A systematic evaluation of leading AI chatbots reveals widespread problems with accuracy and reliability when handling news content.
The study, conducted by the BBC, tested ChatGPT, Microsoft Copilot, Google Gemini, and Perplexity on their ability to accurately report current events.
In December 2024, 45 BBC journalists evaluated how these AI systems handled 100 current news questions. They assessed responses across seven key areas: accuracy, source attribution, impartiality, fact-opinion separation, commentary, context, and proper handling of BBC content. Each response was rated from "no issues" to "significant issues."
51 percent of AI responses contained significant issues, ranging from basic factual errors to completely fabricated information. When the systems specifically cited BBC content, 19 percent of responses contained errors, while 13 percent contained either fabricated or misattributed quotes.
![Several diagrams on BBC analysis of AI assistants: quality issues by category and comparison of ChatGPT, Copilot, Gemini and Perplexity.](https://the-decoder.com/wp-content/uploads/2025/02/bbc_study_ai_news-2.png)
From health advice to current events: AI systems struggle with accuracy
Some of the errors could have real-world consequences. Google Gemini incorrectly claimed that the UK's National Health Service (NHS) advises against vaping, when in fact the health authority recommends e-cigarettes to help people quit smoking. Perplexity AI fabricated details about science journalist Michael Mosley's death, while ChatGPT failed to acknowledge the death of a Hamas leader, describing him as an active leader months after his passing.
The AI assistants regularly cited outdated information as current news, failed to separate opinions from facts, and dropped crucial context from their reporting. Microsoft Copilot, for instance, presented a 2022 article about Scottish independence as if it were current news.
![Four bar charts compare AI assistants in the categories of impartiality, fact-opinion separation, editorialization, and context provision.](https://the-decoder.com/wp-content/uploads/2025/02/bbc_study_ai_news-1.png)
The BBC set a high bar in its evaluation - even small mistakes counted as "significant issues" if they might mislead someone reading the response. And while the standards were tough, the problems they found match what other researchers have already seen about how AI stumbles when handling news.
Take one of the more striking examples: Microsoft's Bing chatbot got so confused reading court coverage that it accused a journalist of committing the very crimes he was reporting on.
The BBC says it will run this study again in the near future. Adding independent reviewers and comparing how often humans make similar mistakes could make future studies even more useful - it would help show just how big the gap is between human and AI performance.

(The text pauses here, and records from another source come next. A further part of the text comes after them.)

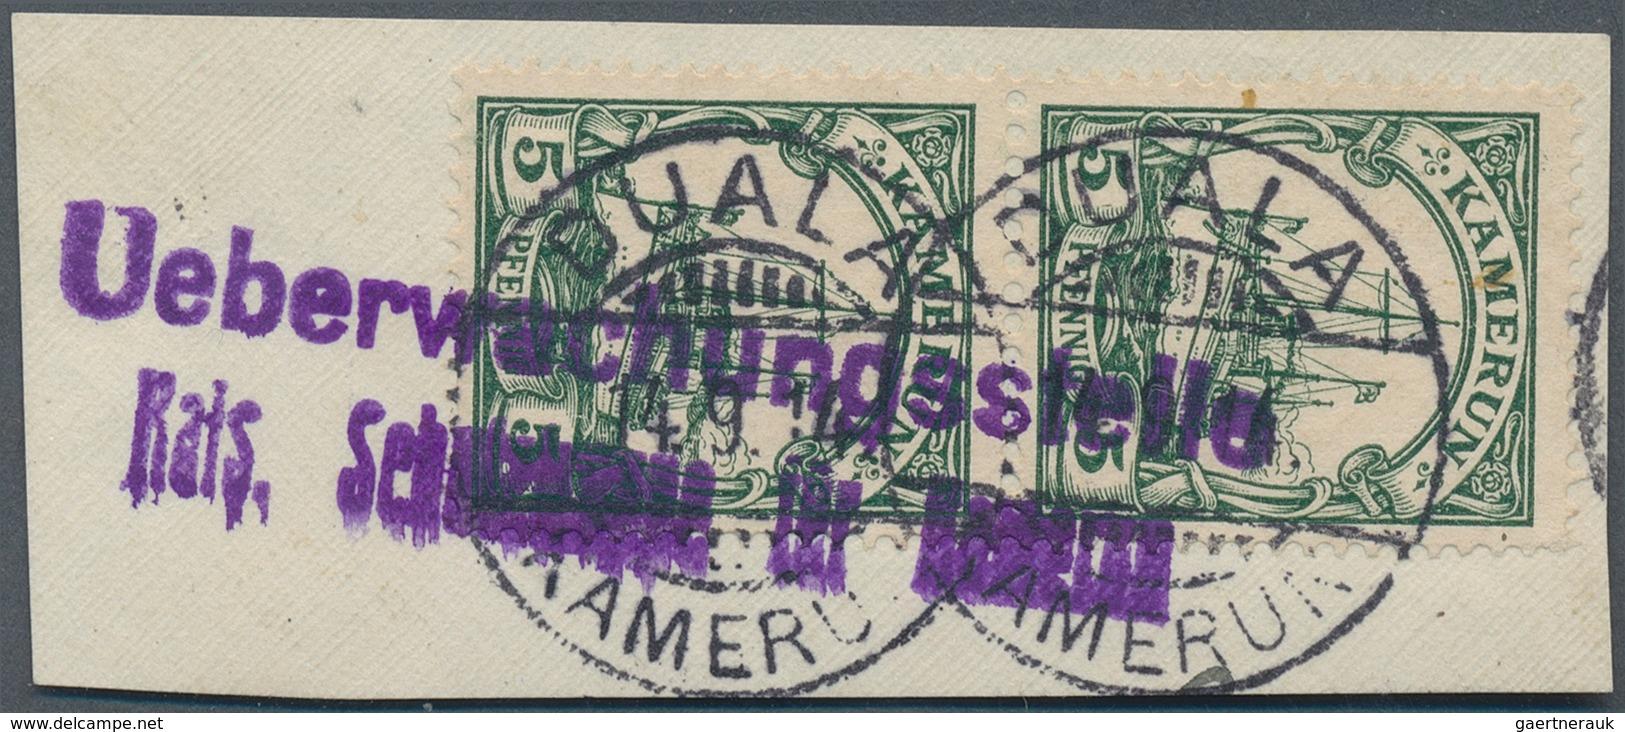 Deutsche Kolonien - Kamerun - Stempel: 1914, Briefstück Mit Senkrechtem Paar Kaiserjacht Gestempelt - Kolonie: Kamerun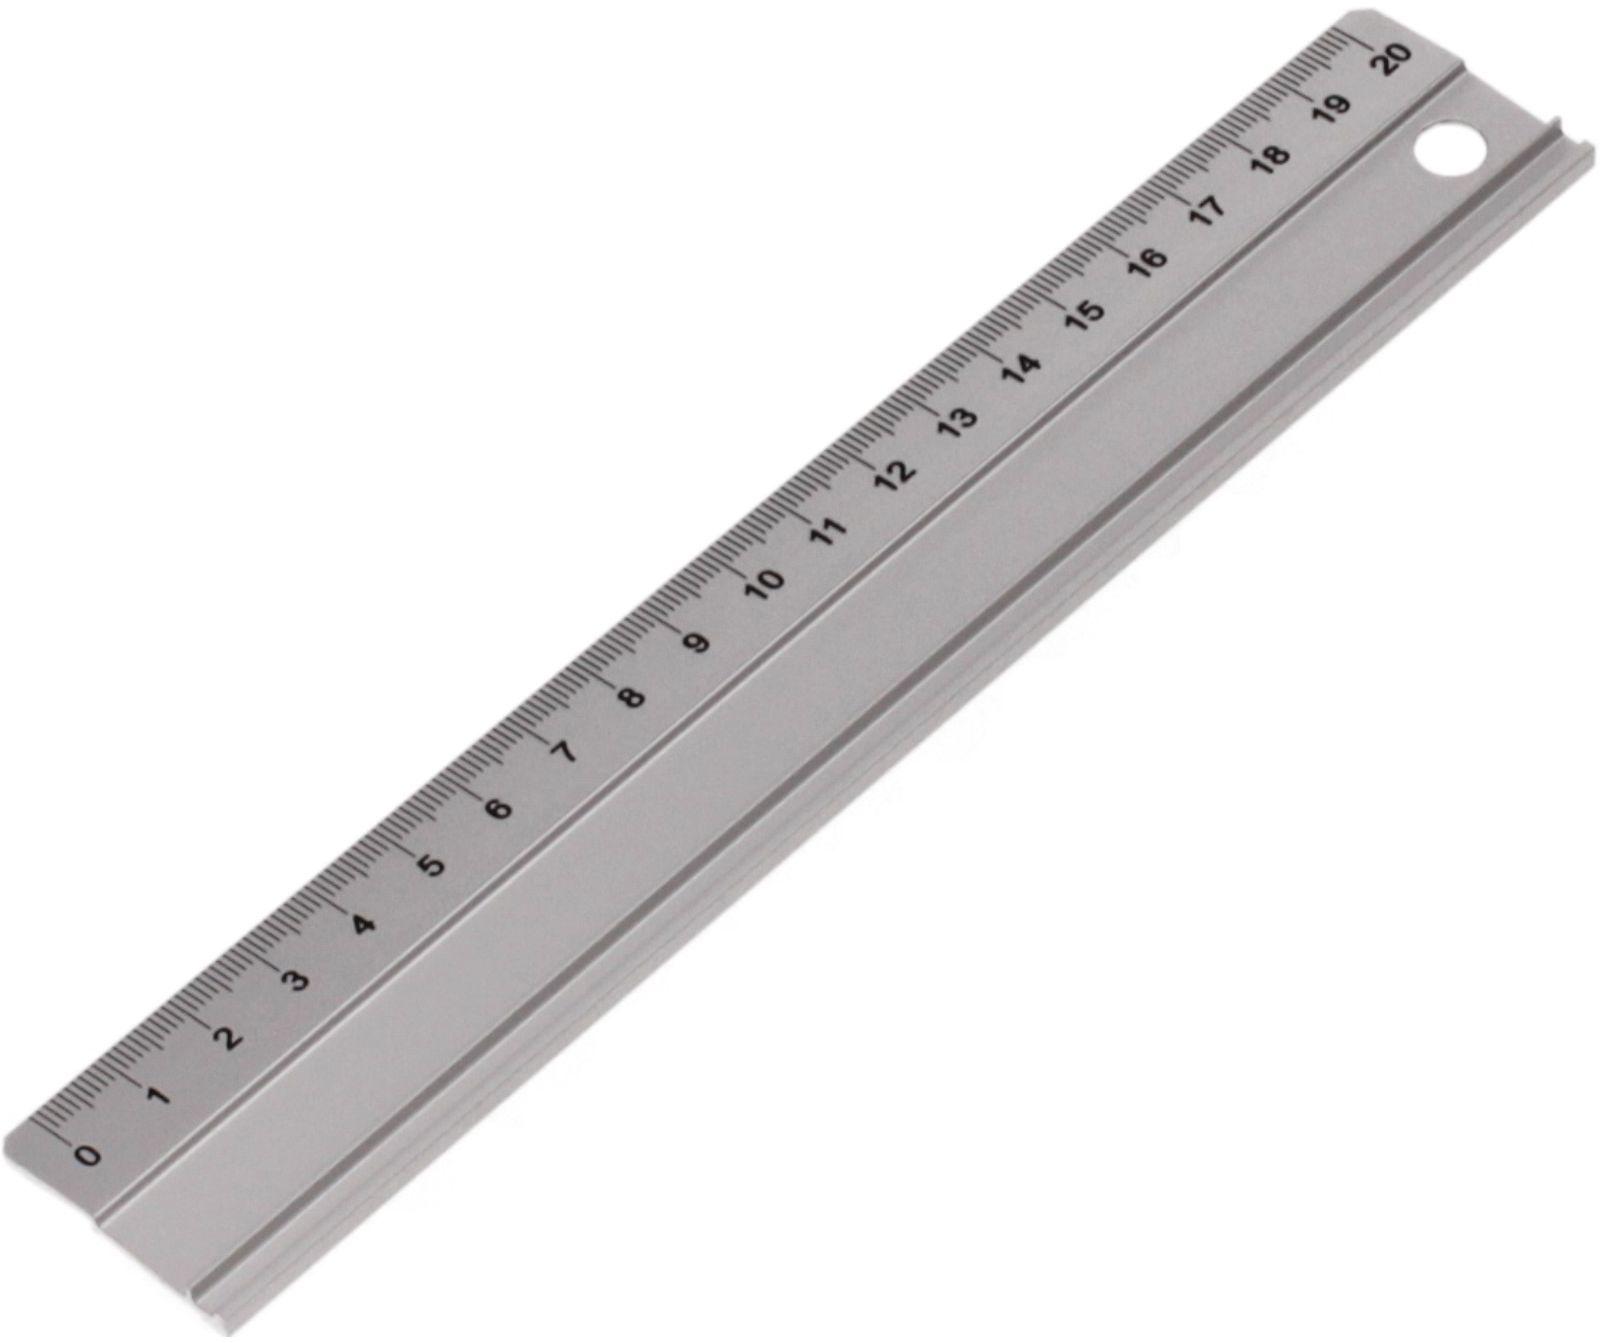 Linijka 20cm aluminium Leniar 30360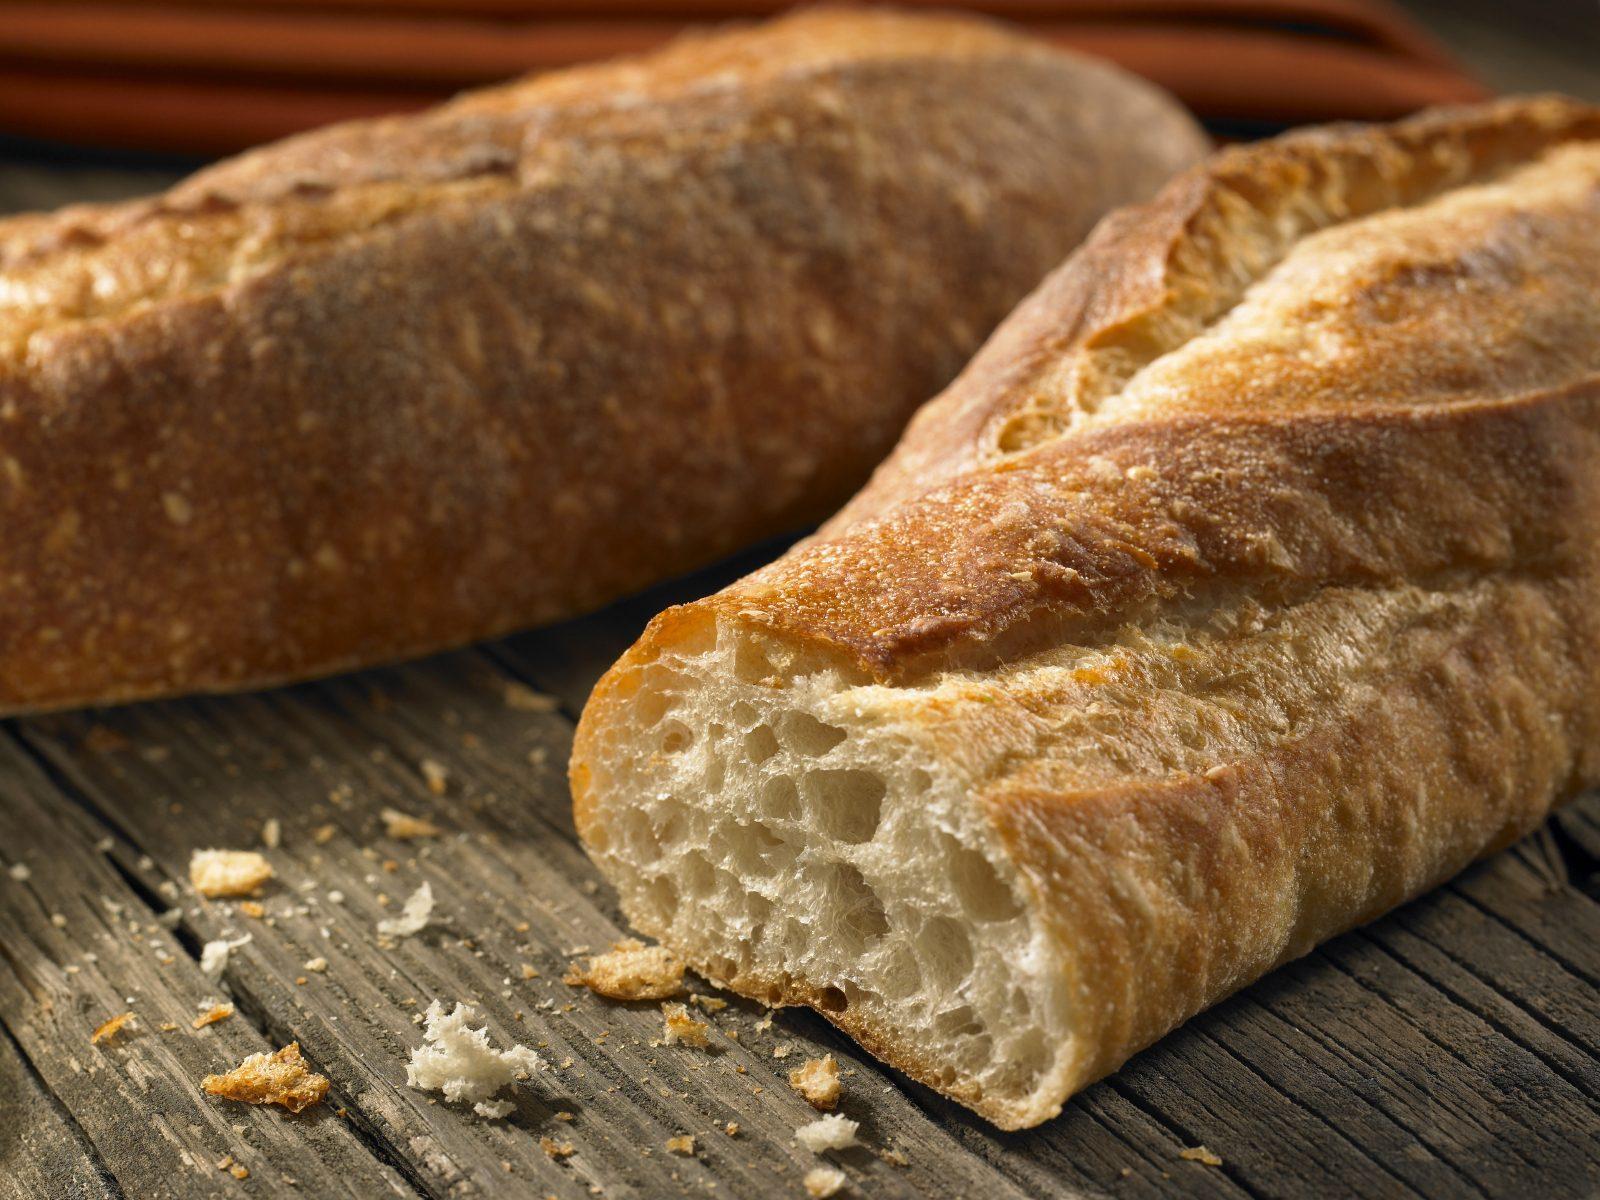 Césariennes et problèmes de gluten: mythe ou réalité?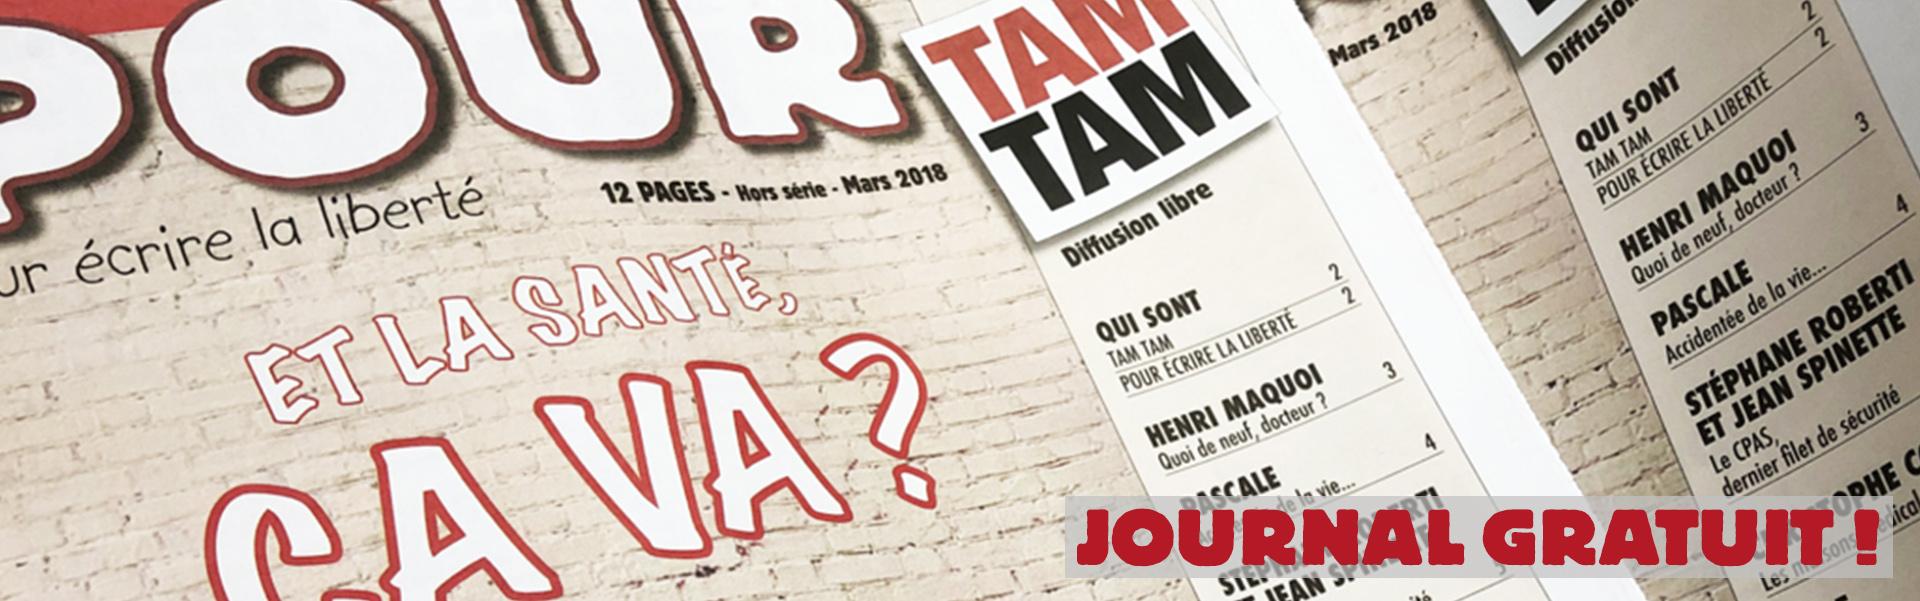 Journal spécial santé avec TAMTAM - www.pour.press

Scale of AI news distortion remains unknown, BBC warns
The BBC acknowledges that their research, while revealing, only begins to uncover the full scope of the problem. The challenge of tracking these errors is complex. "The scale and scope of errors and the distortion of trusted content is unknown," the BBC report states.
AI assistants can provide answers to an almost unlimited range of questions, and different users might receive entirely different responses when asking the same question. This inconsistency makes systematic evaluation extremely difficult.
The problem extends beyond just users and journalists. Media companies and regulators lack the tools to fully monitor or measure these distortions. Perhaps most concerning, the BBC suggests that even the AI companies themselves may not know the true extent of their systems' errors.
"Regulation may have a key role to play in helping ensure a healthy information ecosystem in the AI age," the BBC writes.